“All there is to thinking is seeing something noticeable which makes you see something you weren’t noticing which makes you see something that isn’t even visible.”
― Norman Maclean, A River Runs Through It and Other Stories
There exists a certain kind of peacefulness to hiking alongside a running river. A moment of zen. The soothing sound of water rushing over rocks, hearing the crunch of your own footsteps as you meander along a placid stream. The songs of birds, then their abrupt silence and sound of fluttering wings once they hear your approach and take flight. But still you progress, placing one foot in front of the other, the river ever a constant companion. The rustling of branches as the wind lightly passes through, the pale ray of morning sunshine lightly touching a mossy rock.
But above all the constant rhythm of water on rocks, a race as each drop of water careens towards its final destination.
These are the instruments that constitute the soundtrack of the wilderness. The composition changes daily. At times a lullaby, other times a dark rhythmic chant, still other times a ballad. But mostly a steady, comforting refrain that is the anthem of the forest.
“When I was young, a teacher had forbidden me to say “more perfect” because she said if a thing is perfect it can’t be more so. But by now I had seen enough of life to have regained my confidence in it.”

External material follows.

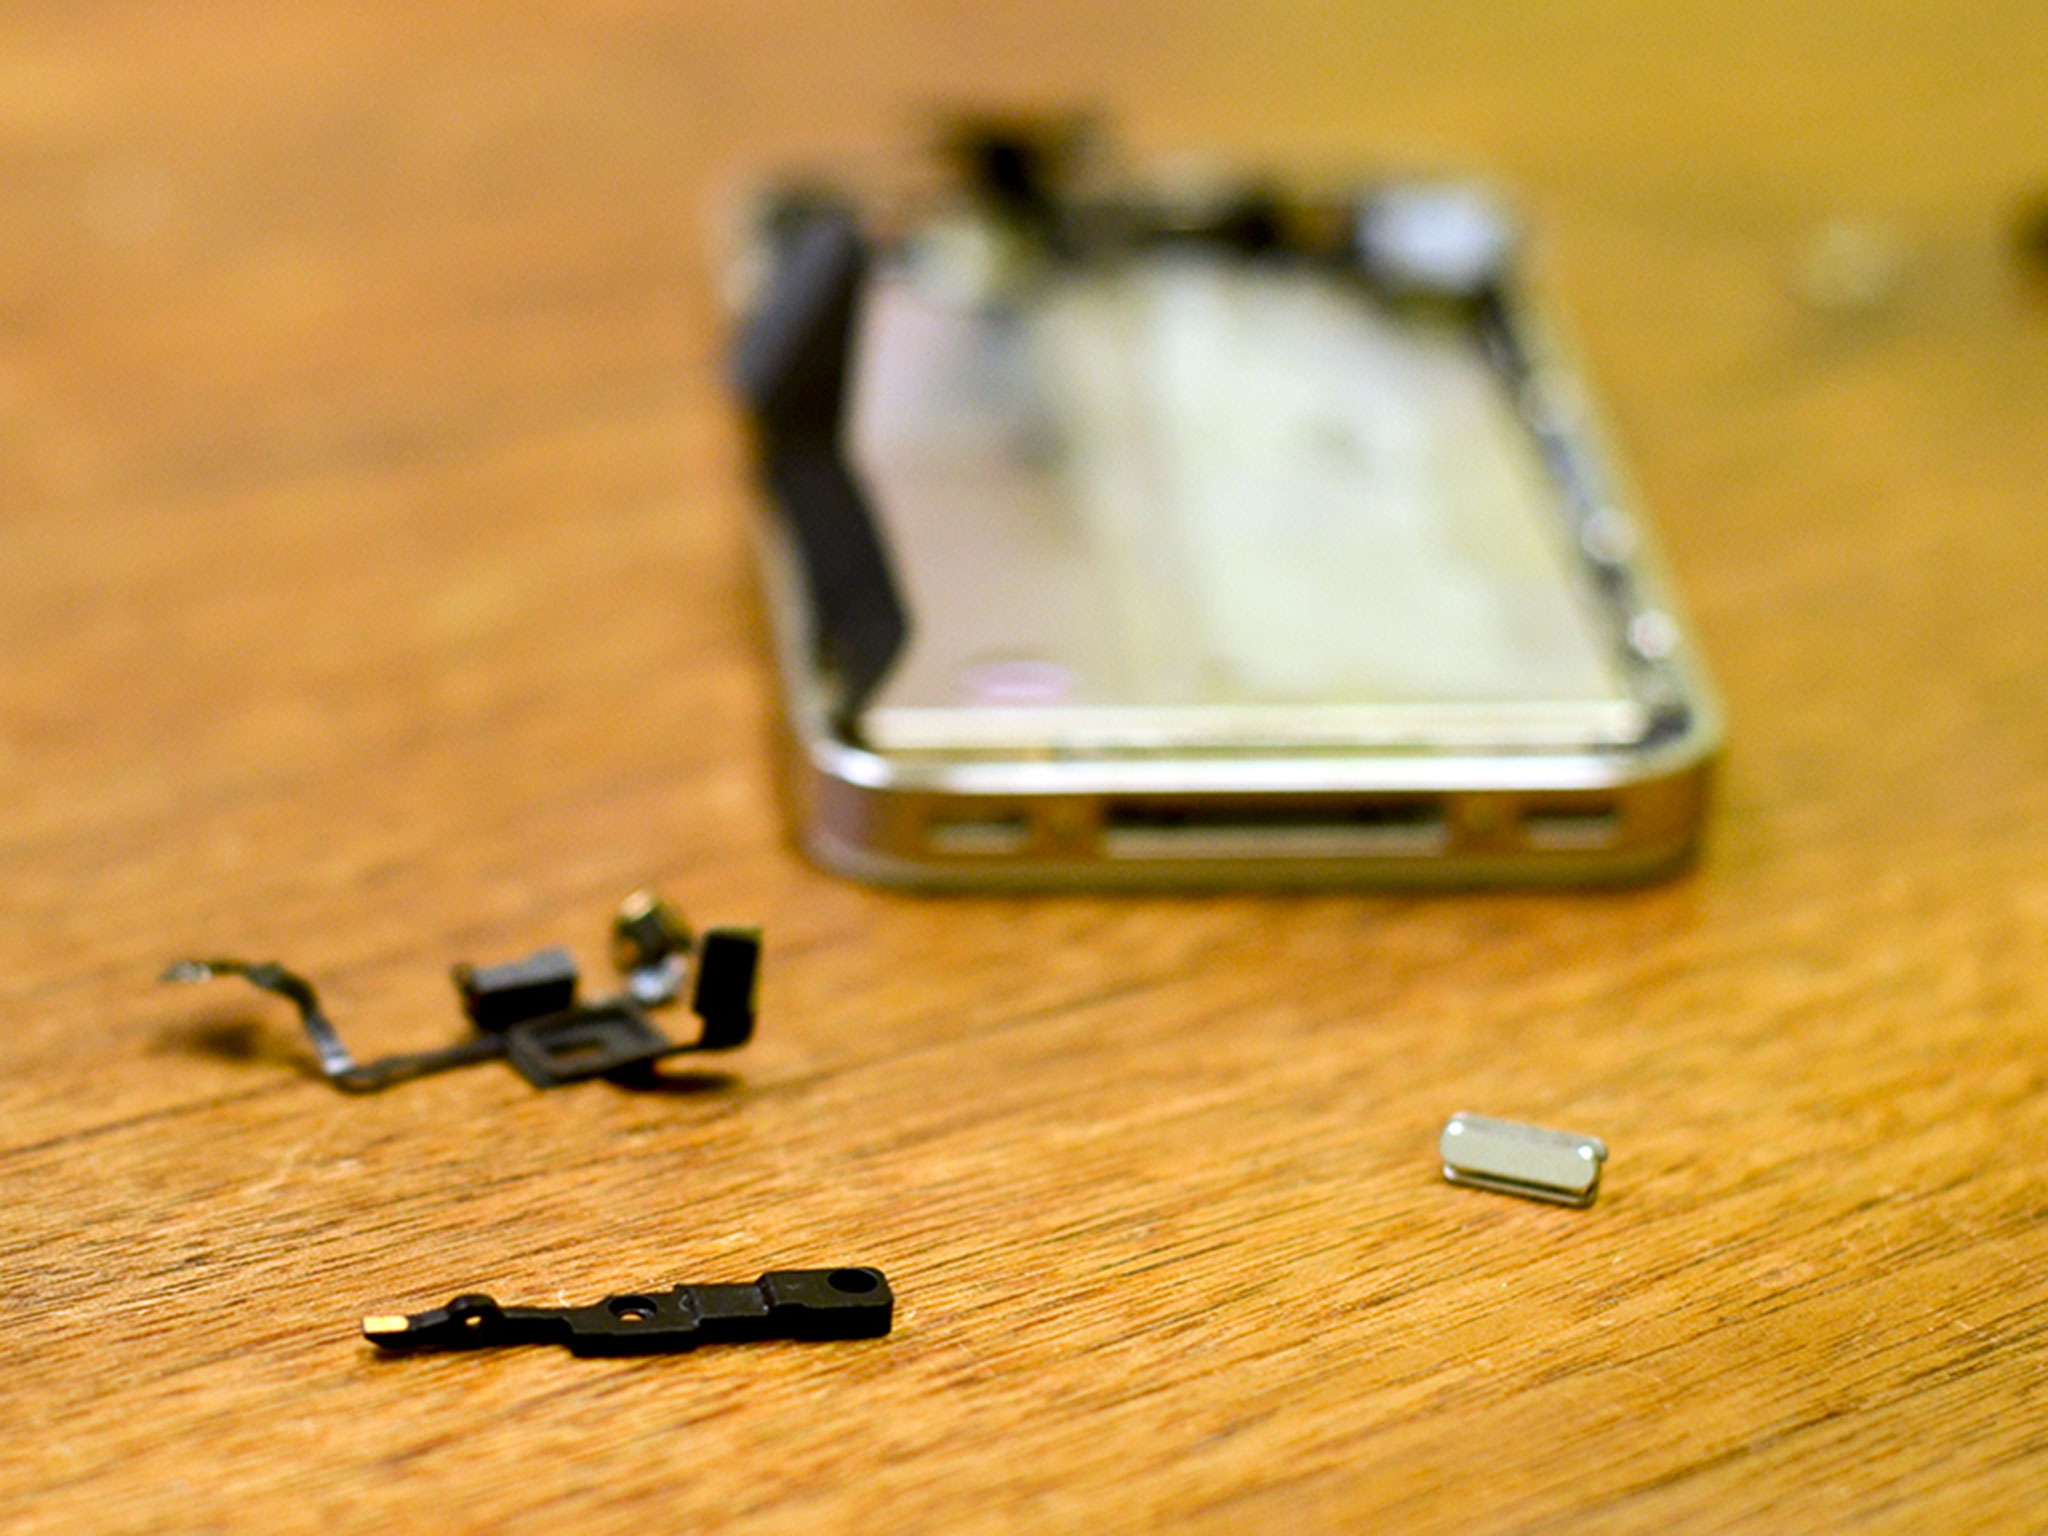 How to replace a GSM iPhone 4 power button cable

― Norman Maclean, A River Runs Through It and Other Stories
The best rivers contain mossy rocks, the hint of trout, an occasional wooden bridge spanning their width, and the crown jewel, the raison d’être, a waterfall. Watching a waterfall leaves me mesmerized, where the feeling of time both stands still and rushes by without a care. The hypnotizing sound of water cascading through air, tumbling down and over rocks, and culminating in the violent crash of the pool below, disappearing as a singular waterfall and joining its collaborators in a collective stream of water once more.
“I sat there and forgot and forgot, until what remained was the river that went by and I who watched… Eventually the watcher joined the river, and there was only one of us. I believe it was the river.”